Hi, ebay is all about appealing to the mass market, have multiple designs and loads of auctions listed at 1 time from my experience on monitoring successful sales of any item, I have sold allot on ebay in the past but not clothing, I have monitored clothign sellers as I intend to do this myself shortly and most succesful t-shirt sellers list around 100 + items of different designs in a buyitnow dutch format (offering multiple of the same item per auction) with a profit margin of around £5 each approx $8 and they tend to sell approx 1 of each design per week, dependent on designs, appeal and time of year some designs will always sell better (for example you would expect to sell loads of "I love Chritsmas," t-shirts on the run up to christmas and next to none afterwards).
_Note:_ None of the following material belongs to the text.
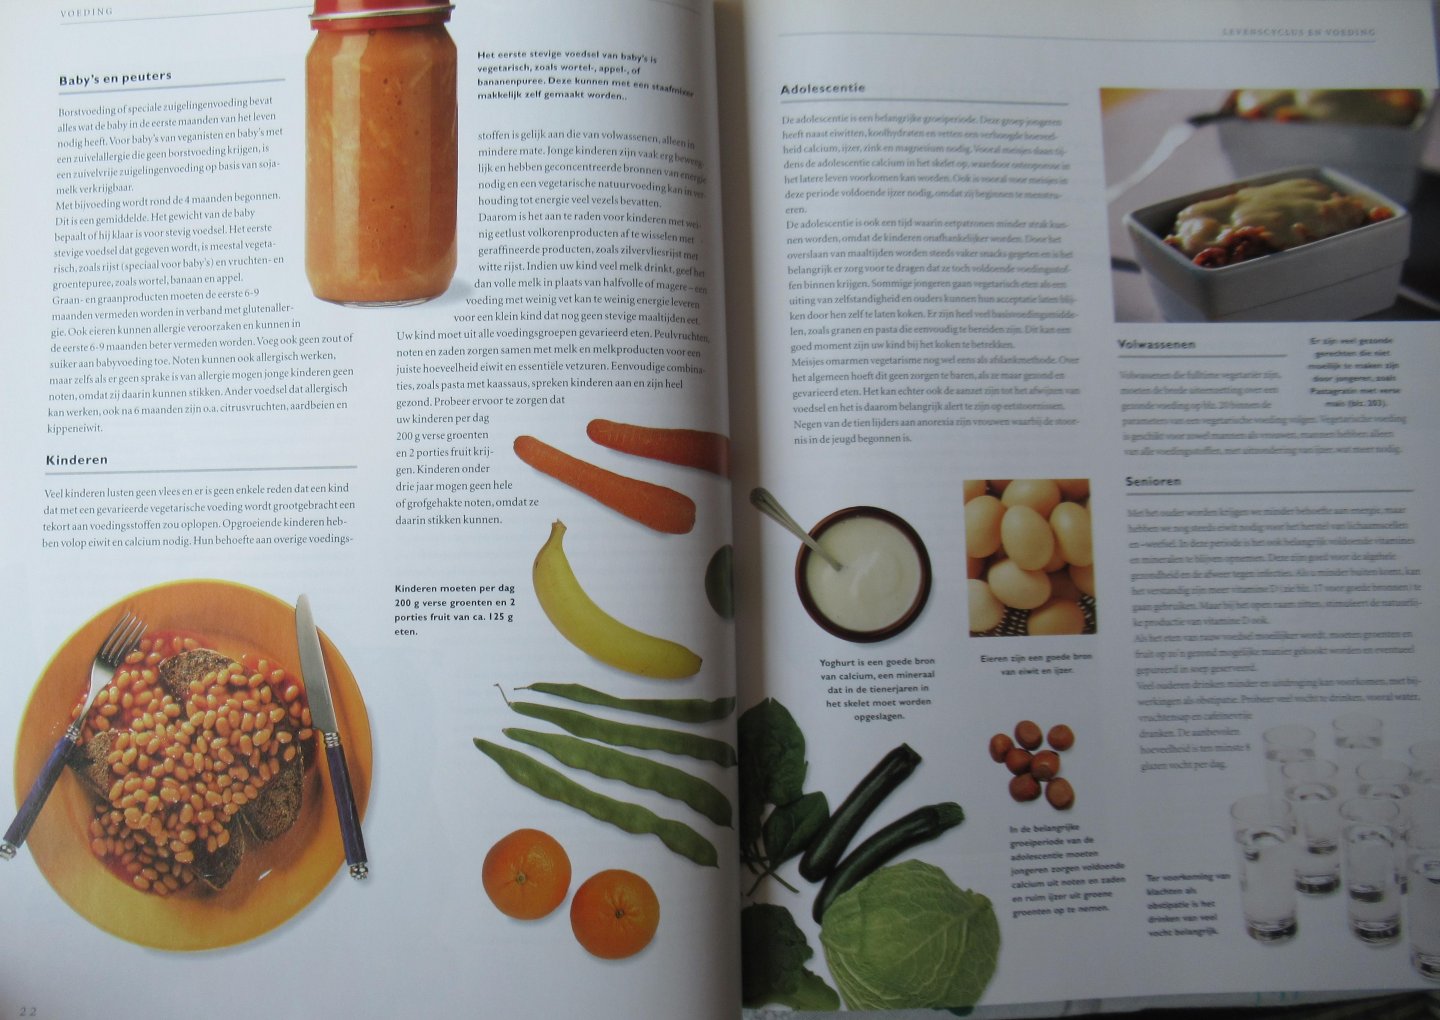 Brown, Sarah - Atrium Vegetarisch Kookboek

If you managed to sell 1 of each t-shirt per week and listed 100 tshirts with £5 or $9 profit you would expect to make £500 or $800 before ebay and paypal fees.

To list an item in a normal category (not business, mobile, motor or property) each auction would cost you £0.40p to list, not sure what U.S fees are to list but this would work out to be approx $0.64 and final value fees for a t-shirt costing upto £49.99 is 9.9% not including postage, so for the sale of a £7.99 or $12.88 t-shirt you would make approx £7.19 -0.40p listing fee= £6.79 or $10.94 

Then you would need to take off the PayPal receiving fees of which for the U.K are 3.4 % + 0.20p 
leaving you with £6.36 or $10.25 so selling 100 t-shirts per week would make you £636 or $1025 minus the t-shirt and print cost each for which I will allow £3 or $4.83 meaning your true profit after all expenses for the sale of 100 t-shirts per week would be £336 or $542

Note: This model is based upon a basic auction with no subtitle and 1 free picture and charging the customer an additional fee for the postage, this amount would change if being sold in a ebay shop and is worked out using the UK ebay and payapal fees, other countries will differ slightly.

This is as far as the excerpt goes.